Mediasi Gugatan Ijazah Jokowi Buntu, Tim Hukum Presiden Tolak Publikasi Ijazah

Upaya mediasi dalam gugatan terkait ijazah Presiden Joko Widodo menemui jalan buntu. Sidang yang berlangsung di Pengadilan Negeri Solo pada hari Rabu, 30 April 2025, belum menghasilkan titik temu antara penggugat dan pihak tergugat.

Perwakilan penggugat dalam perkara nomor 99/Pdt.G/2025/PN Skt, Muhammad Taufik, mengajukan permintaan agar Presiden Jokowi bersedia menunjukkan ijazah asli miliknya di hadapan publik.
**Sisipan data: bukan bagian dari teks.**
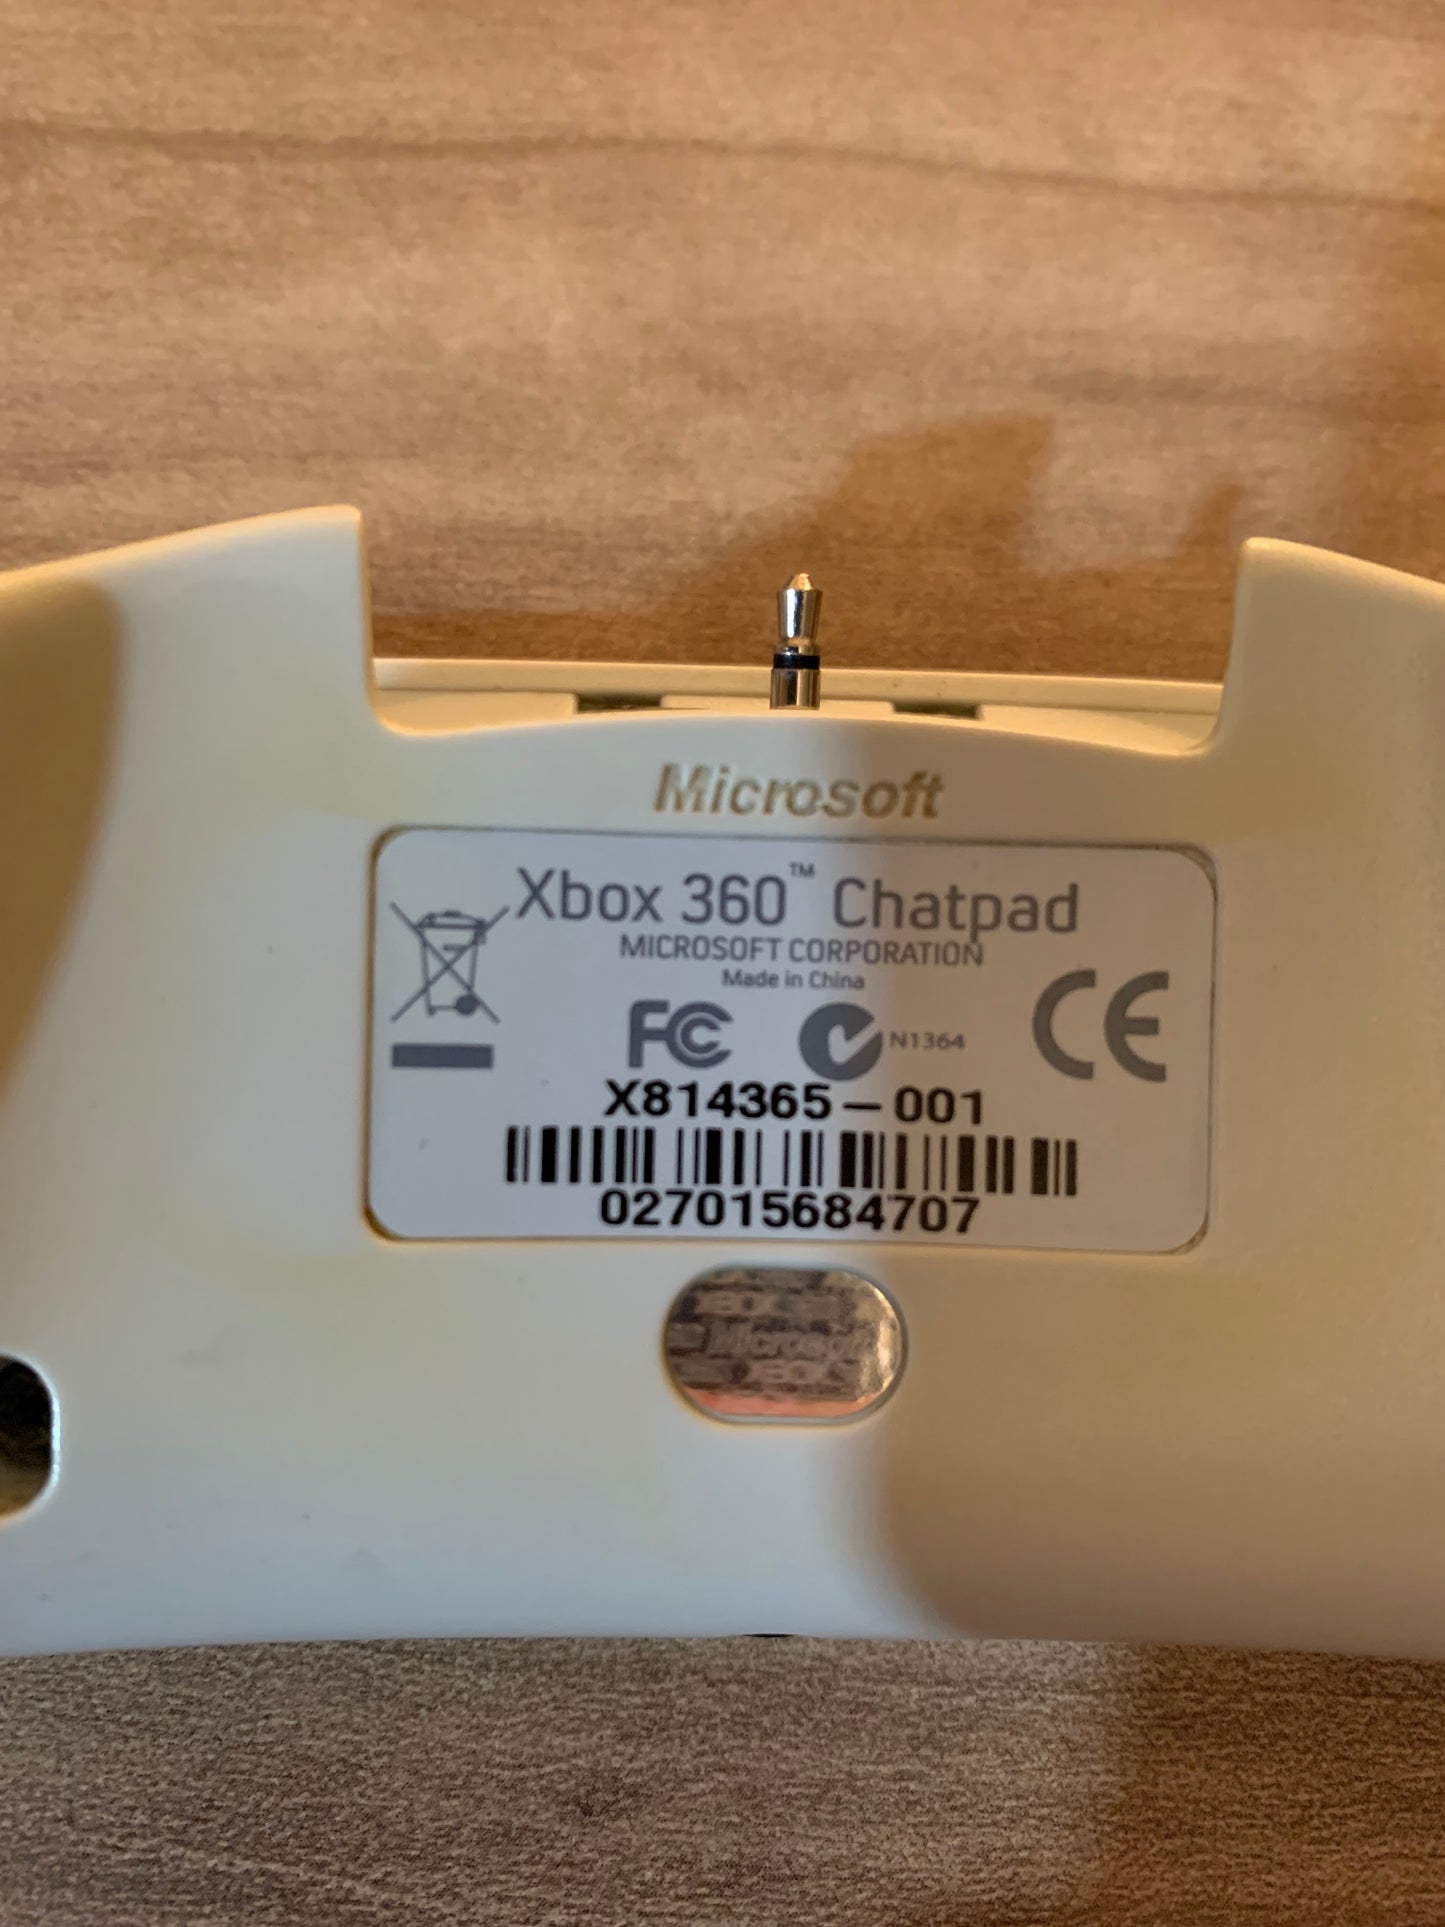 Microsoft XBOX 360 | WIRELESS KEYPAD CHATPAD | MODEL X814365-001

Namun, permintaan tersebut ditolak secara tegas oleh kuasa hukum Presiden, YB Irpan.

Setelah sidang mediasi yang berlangsung selama 1,5 jam, Irpan menjelaskan bahwa timnya menolak tuntutan tersebut dengan alasan penggugat dianggap tidak memiliki legal standing atau dasar hukum yang kuat untuk mengajukan gugatan terkait keabsahan ijazah Presiden.
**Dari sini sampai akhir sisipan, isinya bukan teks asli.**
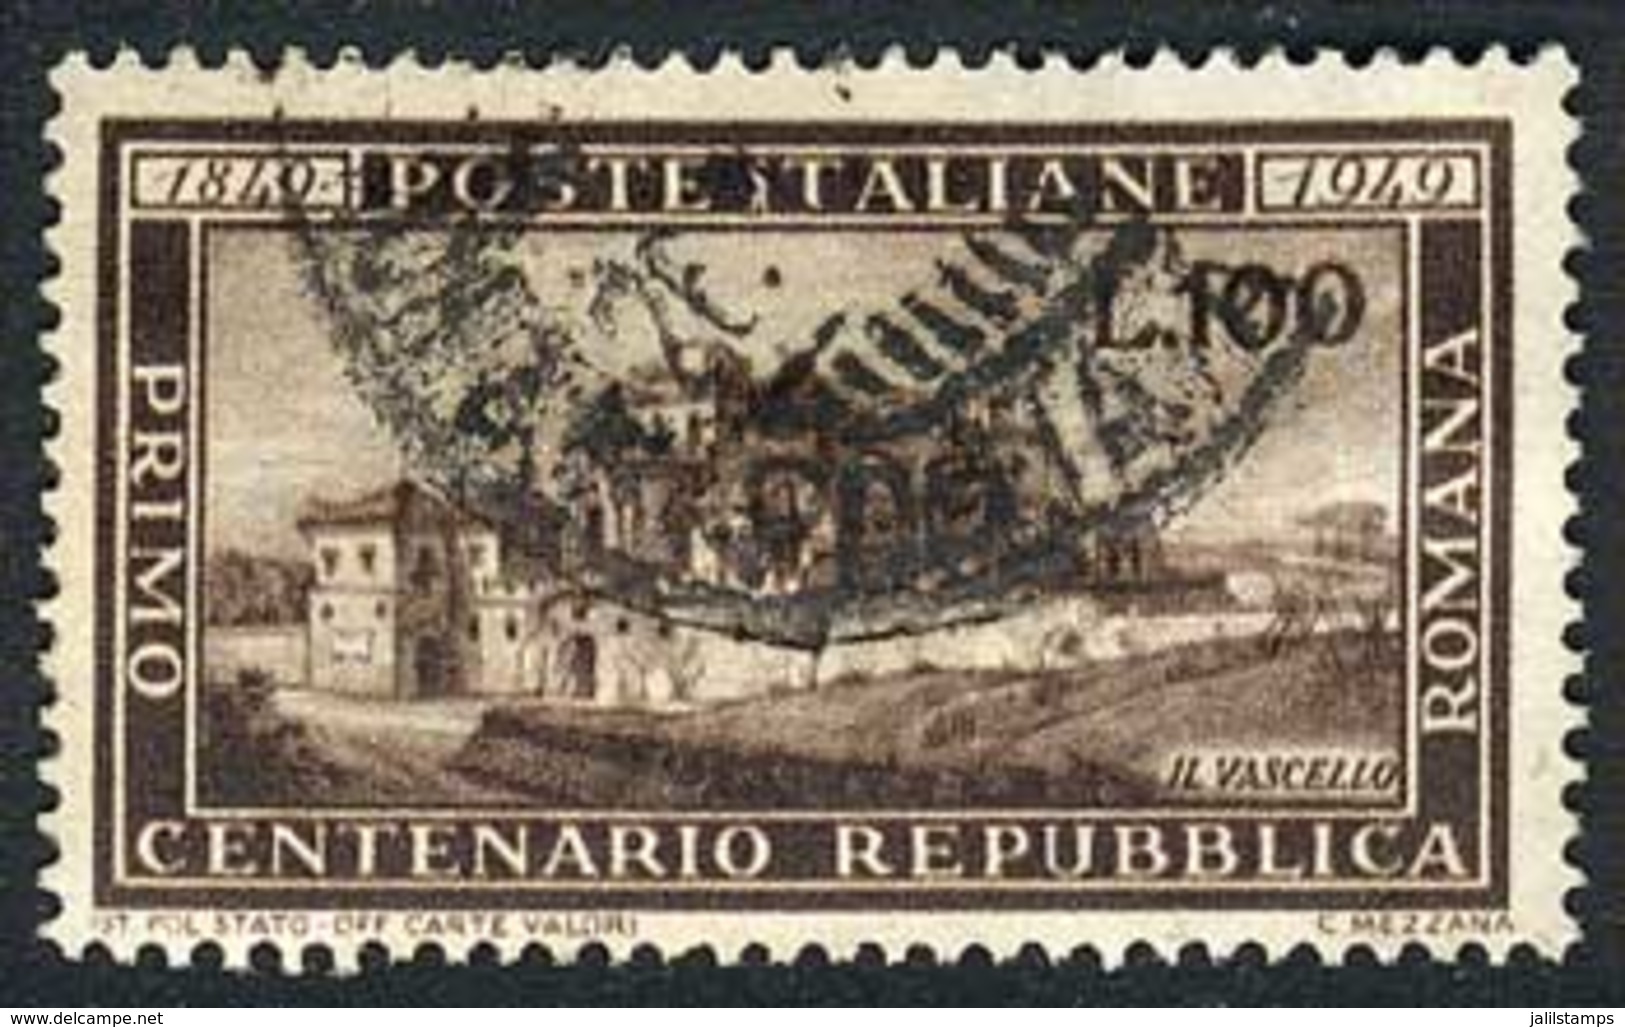 ITALY: Sc.518, 1949 100L. Repubblica Romana Used, VF Quality, Catalog Value US$125. - Non Classés

Irpan juga menyoroti hak setiap individu atas perlindungan data pribadi, yang diatur dalam Deklarasi Universal Hak Asasi Manusia. Ia menekankan bahwa setiap orang berhak atas perlindungan terhadap gangguan dalam urusan pribadi, keluarga, dan kehormatan. Membuka ijazah ke publik, menurutnya, berpotensi melanggar hak-hak tersebut.

Berikut poin-poin yang mengemuka dalam sidang mediasi:

  • Penggugat meminta Presiden Jokowi menunjukkan ijazah asli di muka publik.
  • Kuasa hukum Presiden Jokowi menolak permintaan tersebut.
  • Alasan penolakan adalah penggugat tidak memiliki legal standing.
  • Kuasa hukum Presiden Jokowi juga menyinggung hak privasi dan perlindungan data pribadi.

Dengan belum tercapainya kesepakatan dalam mediasi, proses hukum terkait gugatan ijazah Presiden Jokowi diperkirakan akan berlanjut ke tahap berikutnya.